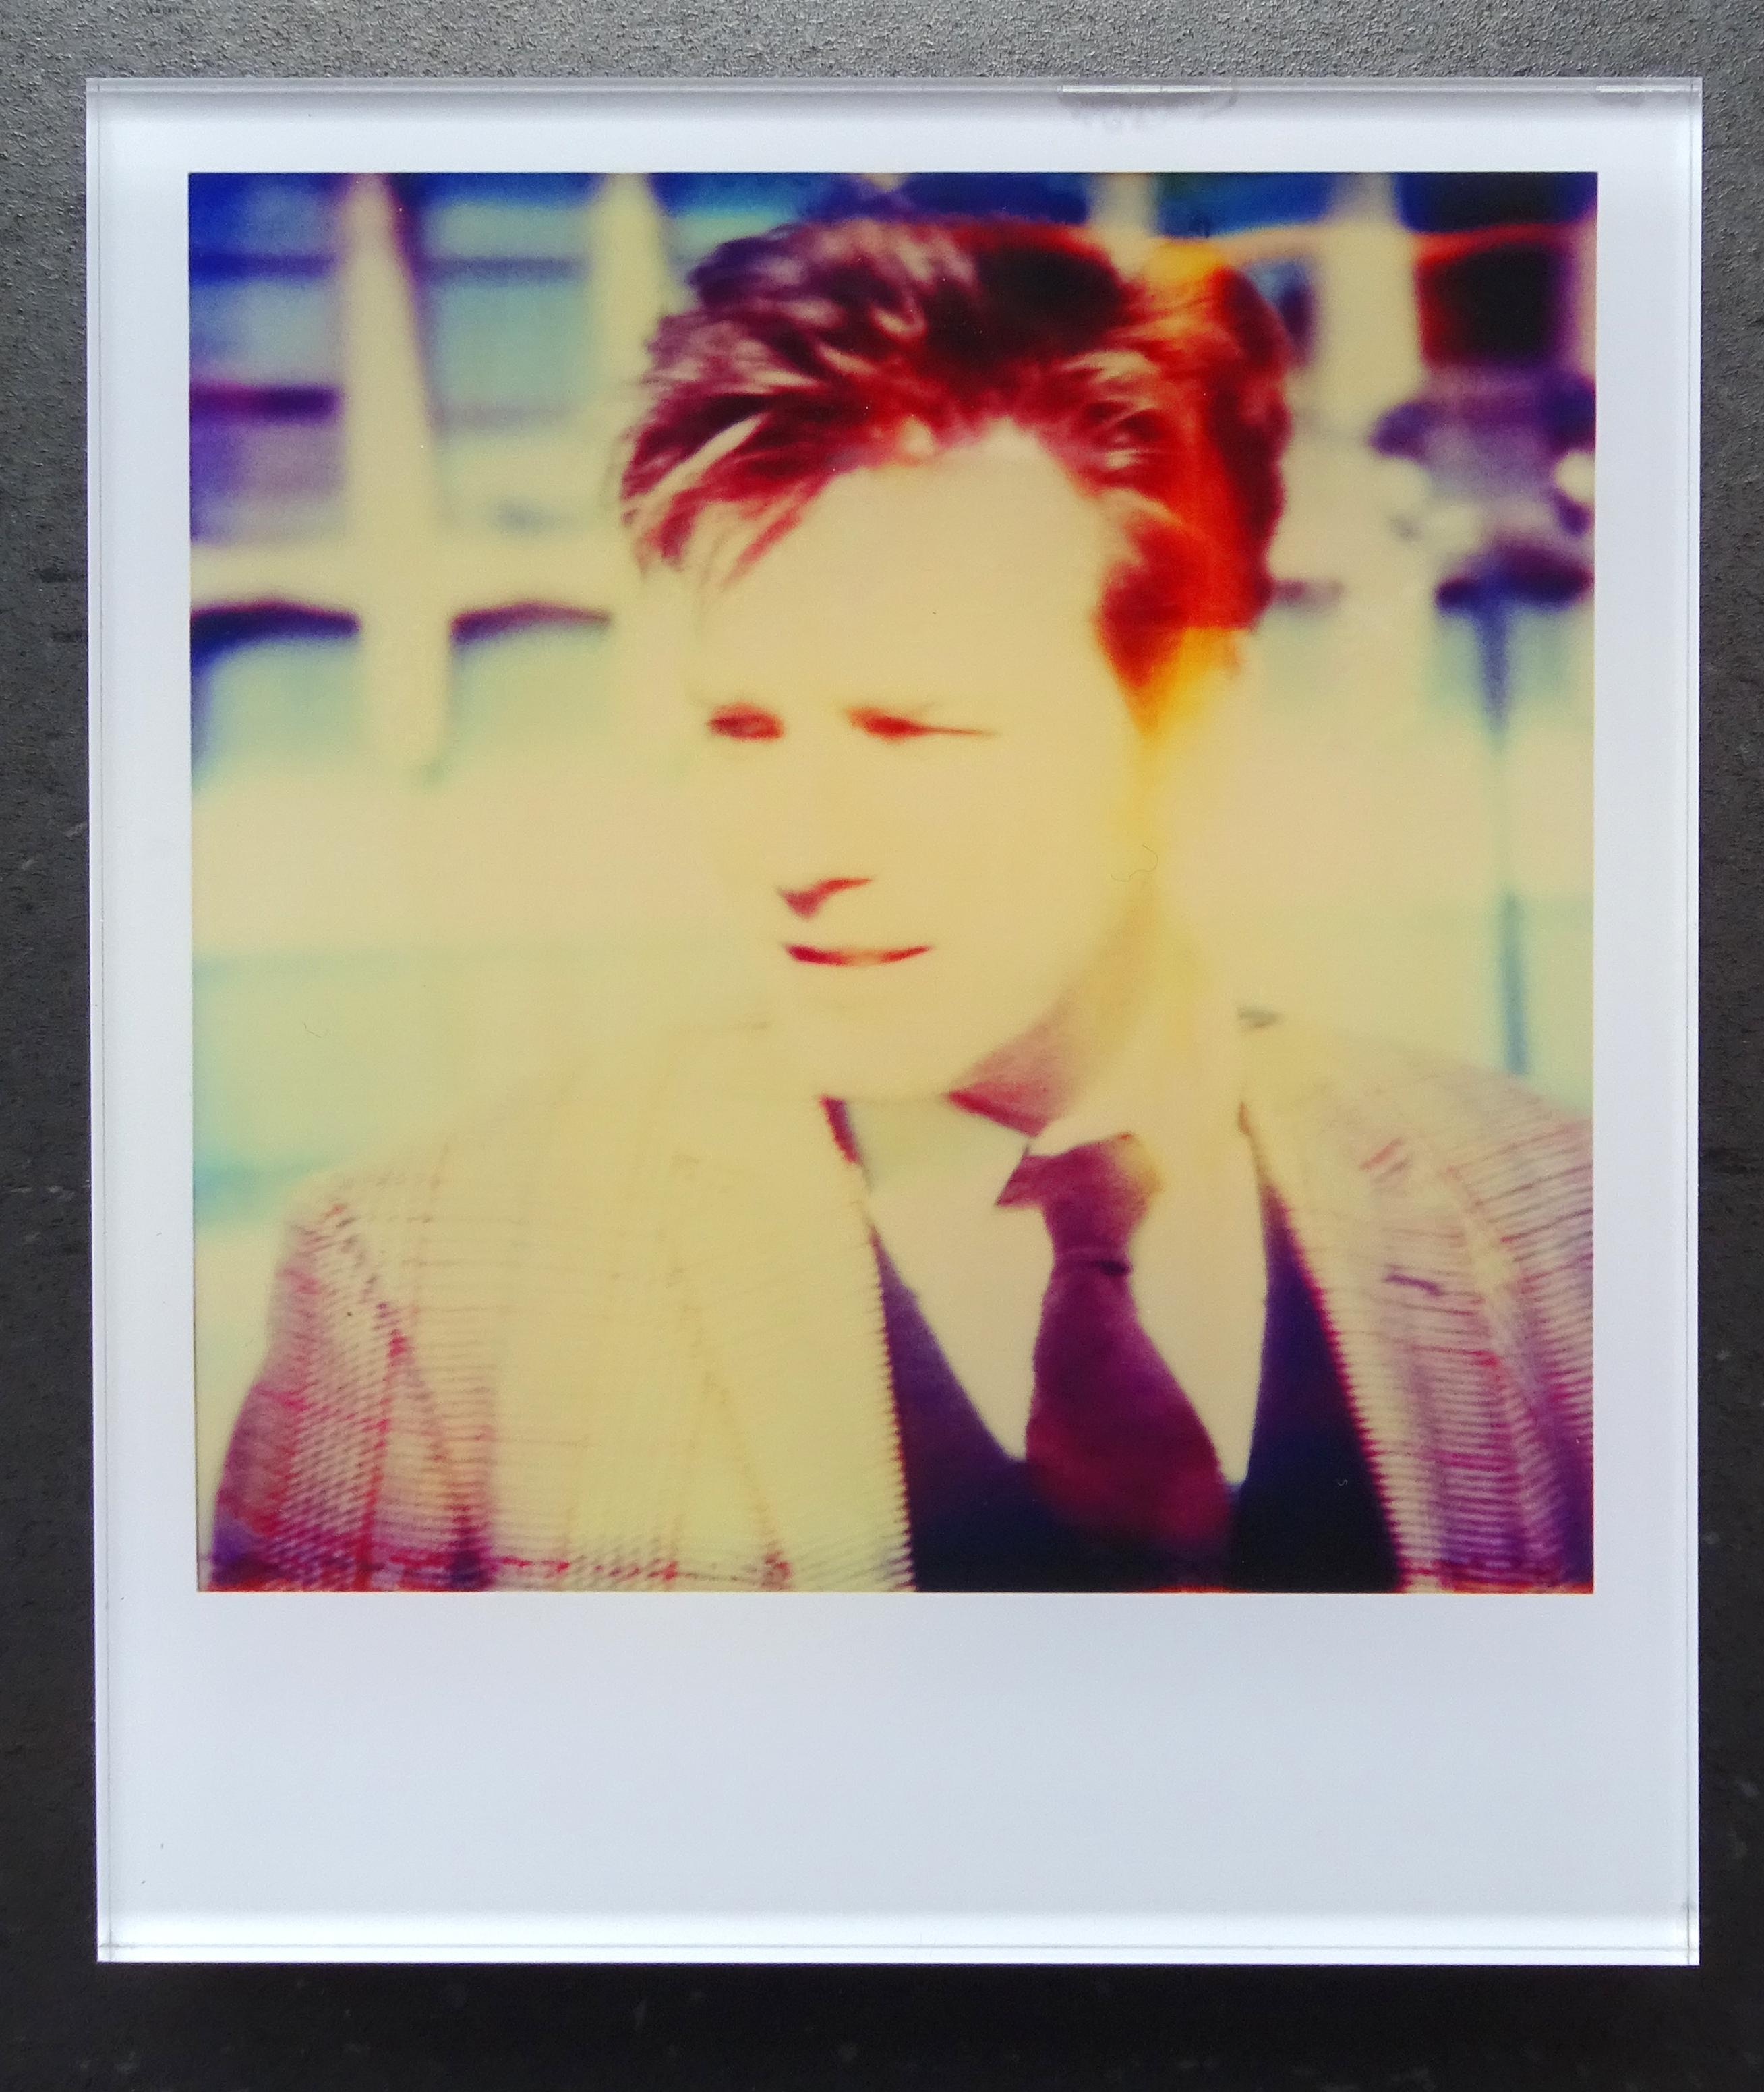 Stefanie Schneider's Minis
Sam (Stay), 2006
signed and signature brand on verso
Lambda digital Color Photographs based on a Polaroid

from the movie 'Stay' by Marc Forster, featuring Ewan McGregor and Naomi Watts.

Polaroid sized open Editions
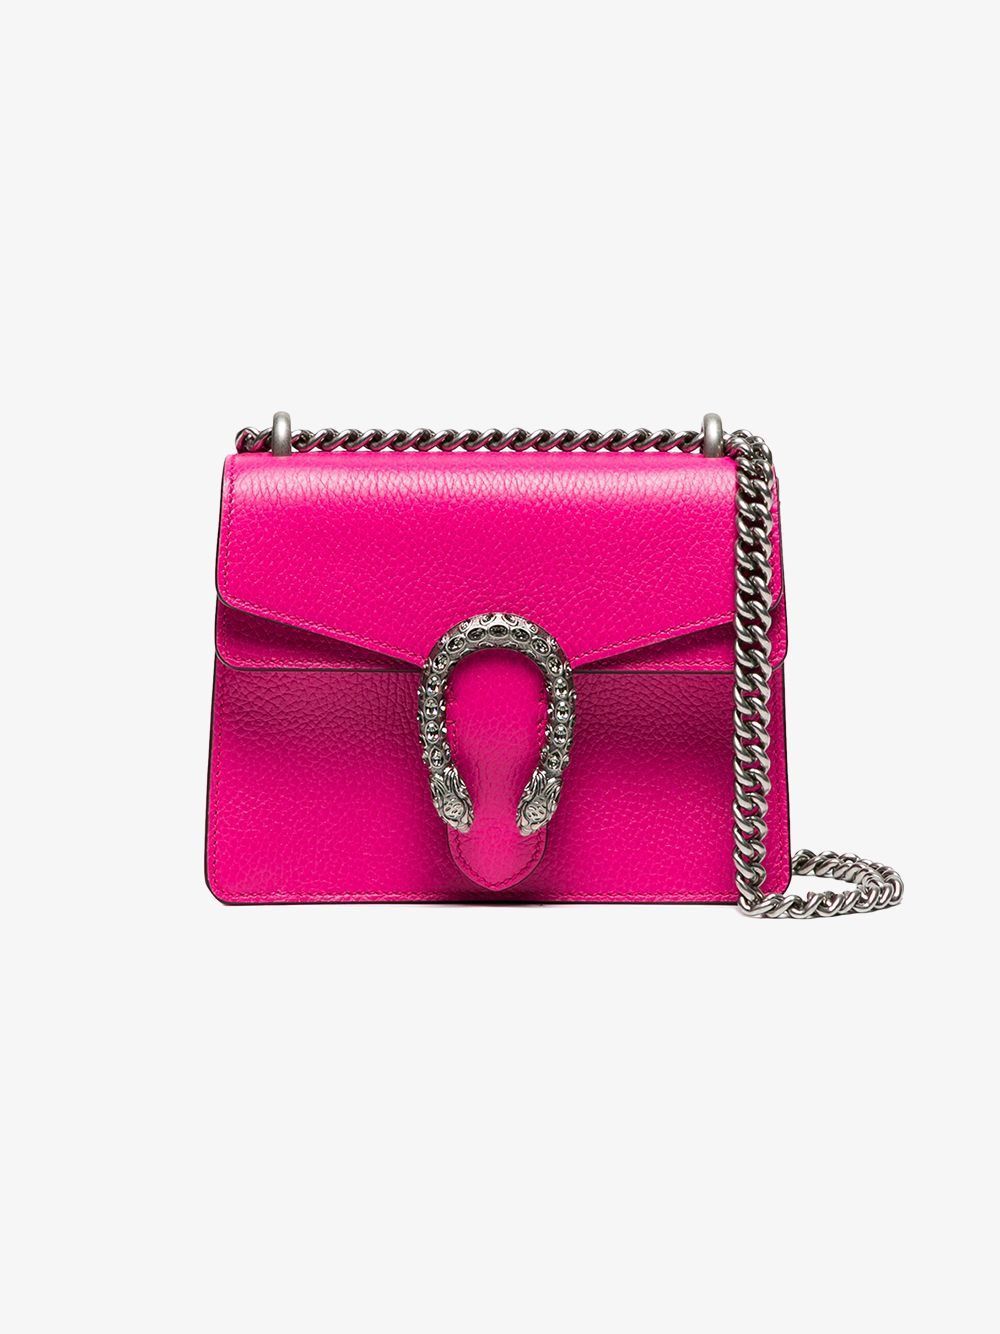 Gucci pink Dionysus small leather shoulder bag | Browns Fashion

**WHAT THE TASK ASKS:** If the string "Polaroid" appears in a line of the entries, report the line.

**ANSWER BOX:**
Lambda digital Color Photographs based on a Polaroid
Polaroid sized open Editions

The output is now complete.